IMAGE REGISTRATION

 

What is Image Registration ?

           In many situations one has two or more images of the same object where the differences between the images have to do with acquisition times, dissimilar acquisition hardware or changes in the shape of the object between exposures. To facilitate comparison between such images it is necessary to register them, i.e., to adjust them so that they match each other.

     The Image Registration operation modifies a test image to match a reference image when the keyfeatures are not too different. The algorithm is capable of subpixel resolution but it does not handle very large offsets or large rotations. The algorithm is based on an iterative processing that proceeds from coarse to fine detail. The optimization is performed using a modified Levenberg-Marquardt algorithm and results in an affine transformation for the relative rotation and translation with optional isometric scaling and contrast adjustment. The algorithm is most effective with square images where the center of rotation is not far from the center of the image.

Registering an Image

Image registration is the process of aligning two or more images of the same scene. Typically, one image, called the base image, is considered the reference to which the other images, called input images, are compared. The object of image registration is to bring the input image into alignment with the base image by applying a spatial transformation to the input image.

A spatial transformation maps locations in one image to new locations in another image.Determining the parameters of the spatial transformation needed to bring the images into alignment is key to the image registration process. Image registration is often used as a preliminary step in other image processing applications.

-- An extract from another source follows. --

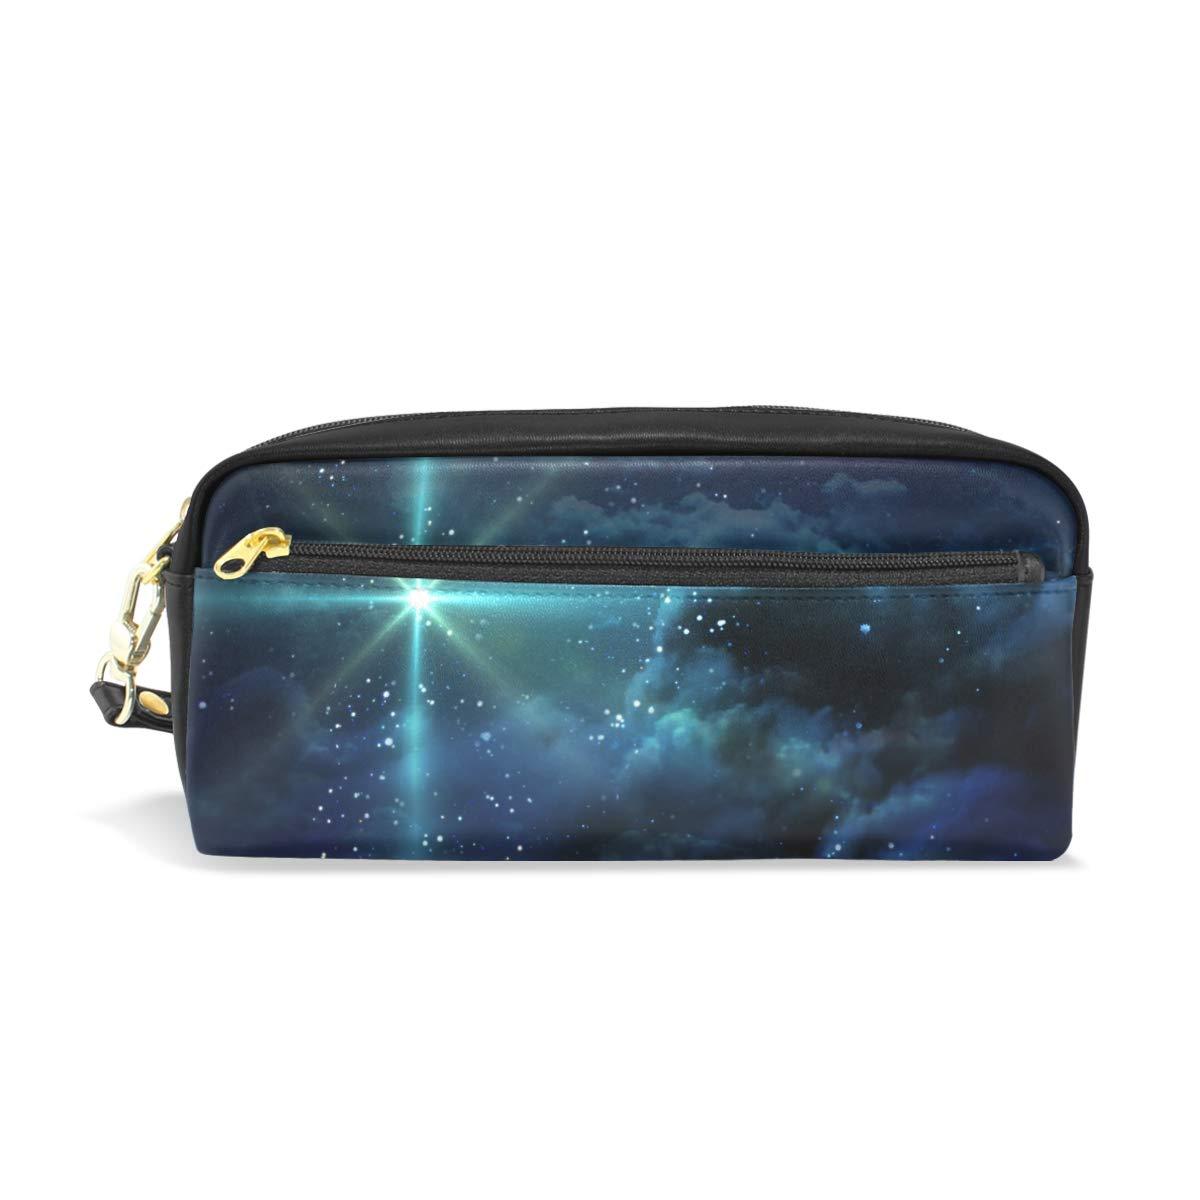 Starry Night Sky - color Estuche escolar, color - azul oscuro, para niños, gran capacidad, bolsa de maquillaje y cosméticos a98ed2

For example, you can use image registration to align satellite images of the earth’s surface or images created by different medical diagnostic modalities (MRI and SPECT). After registration, you can compare features in the images to see how a river has migrated, how an area is flooded, or to see if a tumor is visible in an MRI or SPECT image.

Point Mapping

The Image Processing Toolbox provides tools to support point mapping to determine the parameters of the transformation required to bring an image into alignment with another image. In point mapping, you pick points in a pair of images that identify the same feature or landmark in the images. Then, a spatial mapping is inferred from the positions of these control points.

The following figure provides a graphic illustration of this process. This process

is best understood by looking at an example.

 

EXAMPLE: REGISTERING TO A DIGITAL ORTHOPHOTO

This example illustrates the steps involved in performing image registration using point mapping. These steps include:

1 Read the images into the MATLAB workspace.

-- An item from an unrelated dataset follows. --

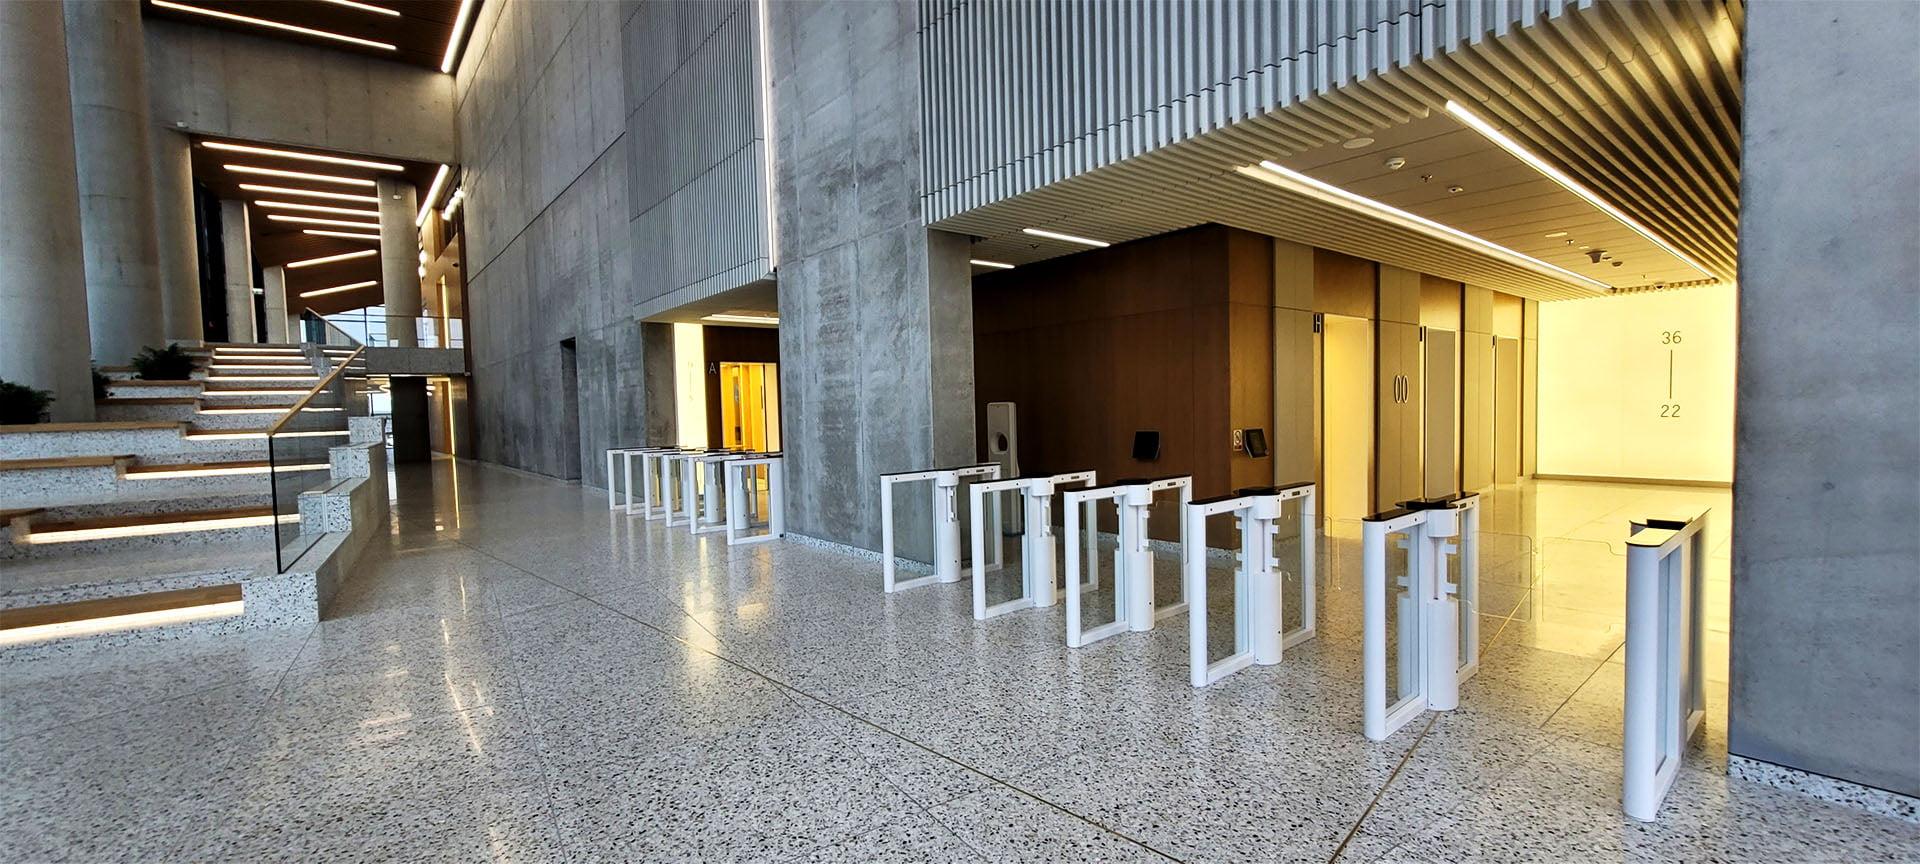 SG-3 optical turnstiles installed in Skyliner Skyscraper

2 Specify control point pairs n the images.

3 Save the control point pairs.

4 Fine-tune the control points using cross-correlation. (This is an optional step.)

5 Specify the type of transformation to be used and infer its parameters from the control point pairs.

6 Transform the unregistered image to bring it into alignment.

To illustrate this process, the example registers a digital aerial photograph to a digital orthophoto covering the same area. Both images are centered on the business district of West Concord, Massachusetts.

The aerial image is geometrically uncorrected: it includes camera perspective, terrain and building relief, and internal (lens) distortions, and it does not have any particular alignment or registration with respect to the earth. The orthophoto, supplied by the Massachusetts Geographic Information System (MassGIS), has been orthorectified to remove camera, perspective, and relief distortions (via a specialized image transformation process). It is also georegistered (and geocoded)—the columns and rows of the digital orthophoto image are aligned to the axes of the Massachusetts State Plane coordinate system, each pixel center corresponds to a definite geographic location, and every pixel is 1 meter square in map units.

Step 1: Read the Images into MATLAB

In this example, the base image is westconcordorthophoto.png, the MassGIS georegistered orthophoto. It is a panchromatic (grayscale) image. The image to be registered is westconcordaerial.png, a digital aerial photograph supplied by mPower3/Emerge, and is a visible-color RGB image.

orthophoto = imread('westconcordorthophoto.png');

figure, imshow(orthophoto)

unregistered = imread('westconcordaerial.png');

figure, imshow(unregistered)

You do not have to read the images into the MATLAB workspace. The cpselect function accepts file specifications for grayscale images. However, if you want to use cross-correlation to tune your control point positioning, the images must be in the workspace.

 

Step 2: Choose Control Points in the Images

The toolbox provides an interactive tool, called the Control Point Selection Tool, that you can use to pick pairs of corresponding control points in both images. Control points are landmarks that you can find in both images, like a road intersection, or a natural feature. To start this tool, enter cpselect at the MATLAB prompt, specifying as arguments the input and base images.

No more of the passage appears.